Heriberto Lazcano
The body of Zetas drug cartel leader Heriberto Lazcano has been stolen by an armed gang. Mexico Attorney General

The body of Heriberto Lazcano, the former leader of the Zetas drug cartel in Mexico who was killed by government troops, was reportedly stolen by an armed gang, according to reports.
Lazcano’s corpse was being stored in a funeral parlor in northern Mexico near where he was shot down by marines.

Lazcano helped found the Zetas around the turn of the millennium after deserting with a group of operatives in the Mexican Army special forces.

Initially, the group had served as enforcers for the long-established Gulf cartel, carrying out assassinations and protecting drug shipments. In 2010, the Zetas turned on their former employers and established themselves as an independent drug trafficking organization.

Since the split, the Zetas have begun edging the Gulf cartel out of northeastern Mexico, a gang war that has resulted in hundreds of killings, displaying the Zetas’ signature brutality of placing decapitated heads on spikes and leaving rows of headless bodies by the roadside.

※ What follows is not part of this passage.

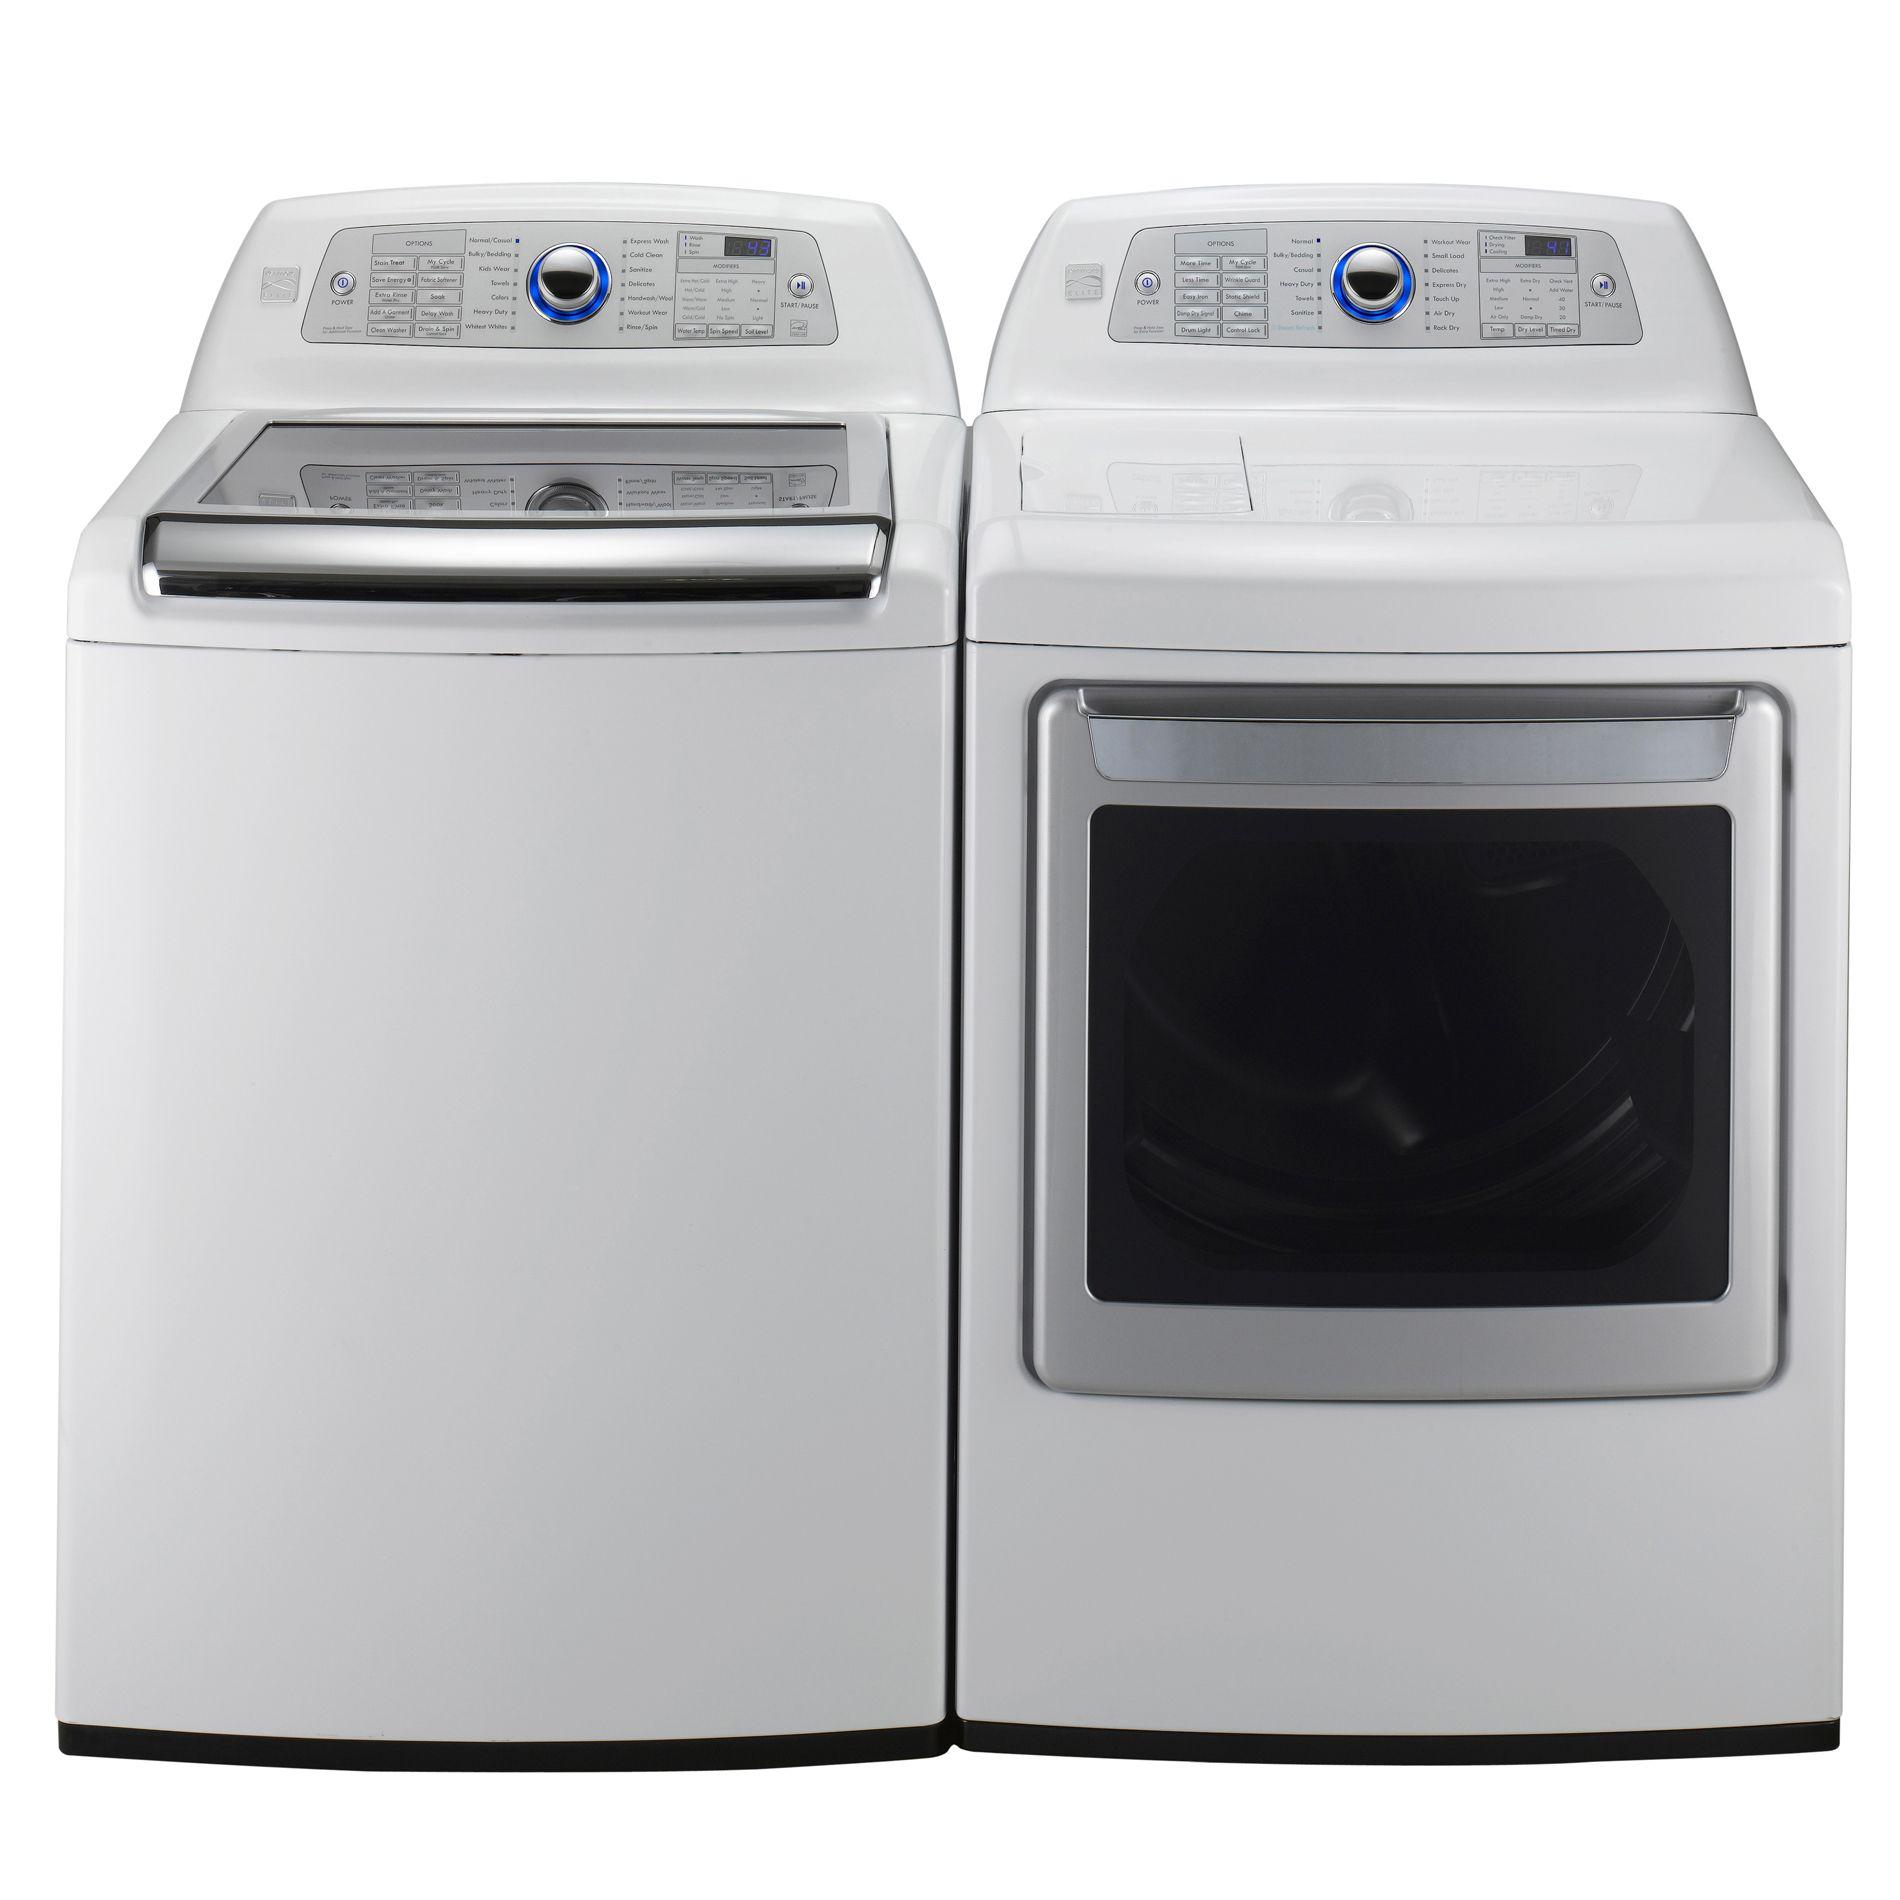 Kenmore Elite 7.3 cu. ft. Steam Gas Dryer

Roughly 50,000 people have been killed since outgoing President Felipe Calderon began his military campaign against the drug cartels in 2006, the Los Angeles Times reported. The civilian population is often caught up in the violence as innocent bystanders and victims of extortion, and is often targeted by cartels for the purposes of intimidating others to remain silent on their criminal activities.

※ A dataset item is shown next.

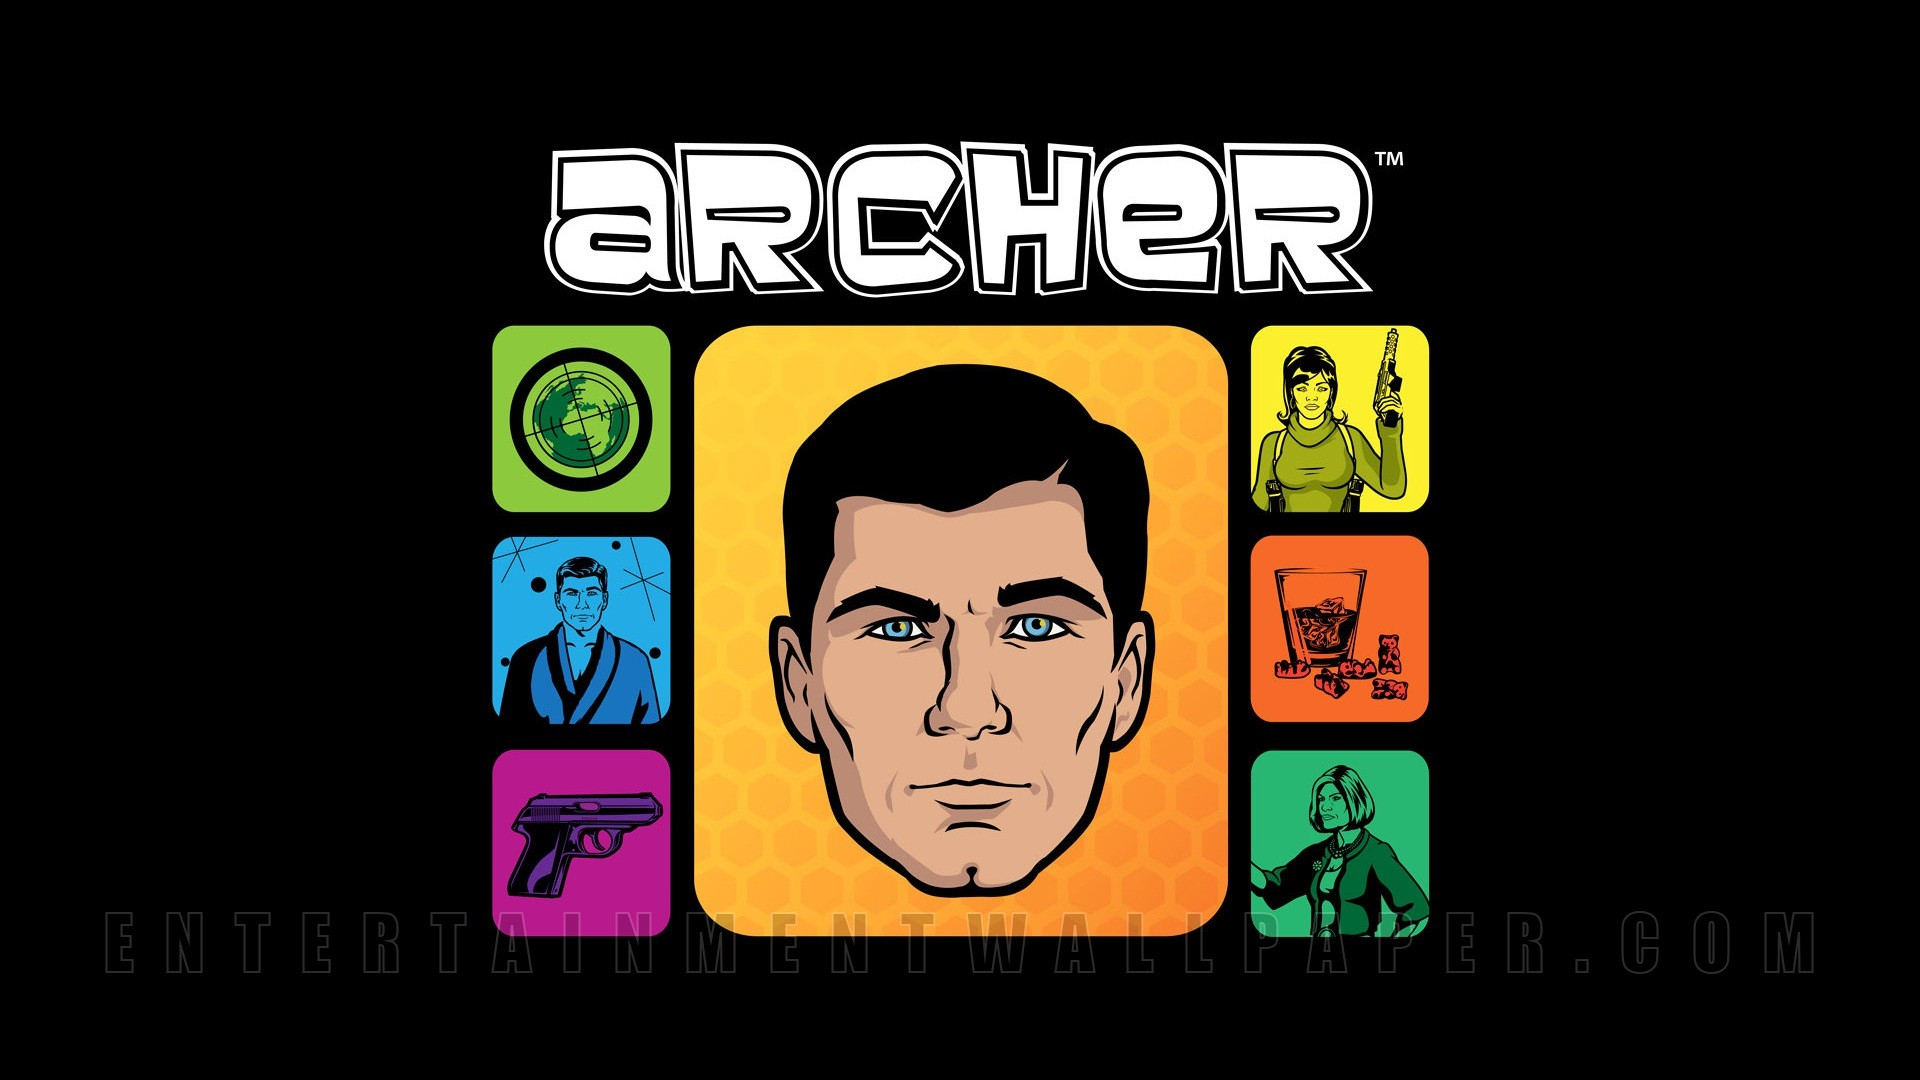 Archer wallpaper ·① Download free amazing full HD ...

Calderon’s administration has claimed the majority of deaths comprise criminals in the drug trade, but fewer than 5 percent of the homicides have ever been investigated, according to political activist and author Tom Hayden in his article "Mexico's Election: A Vote for Peace, a Plan for War," for the Nation magazine.

Critics often point to Calderon’s “kingpin strategy” of targeting cartel bosses as being a major contributor to the surge in violence driven by infighting within cartels as new leaders emerge and an escalation of turf wars among the constant atmosphere of violence.

President-elect Enrique Pena-Nieto, due to take office in December, has said he intends to decrease the violence, though details have been vague.

He has indicated that he intends to recall the 50,000 military troops that have been deployed under Calderon and build up the national police force to focus less on engaging cartels in combat and commit to filling the security void left by corrupt local law enforcement.

Critics contend that the violence has already escalated to a point where the cartels will not cease their strategy of mass intimidation of the civilian population and confrontations will be unavoidable.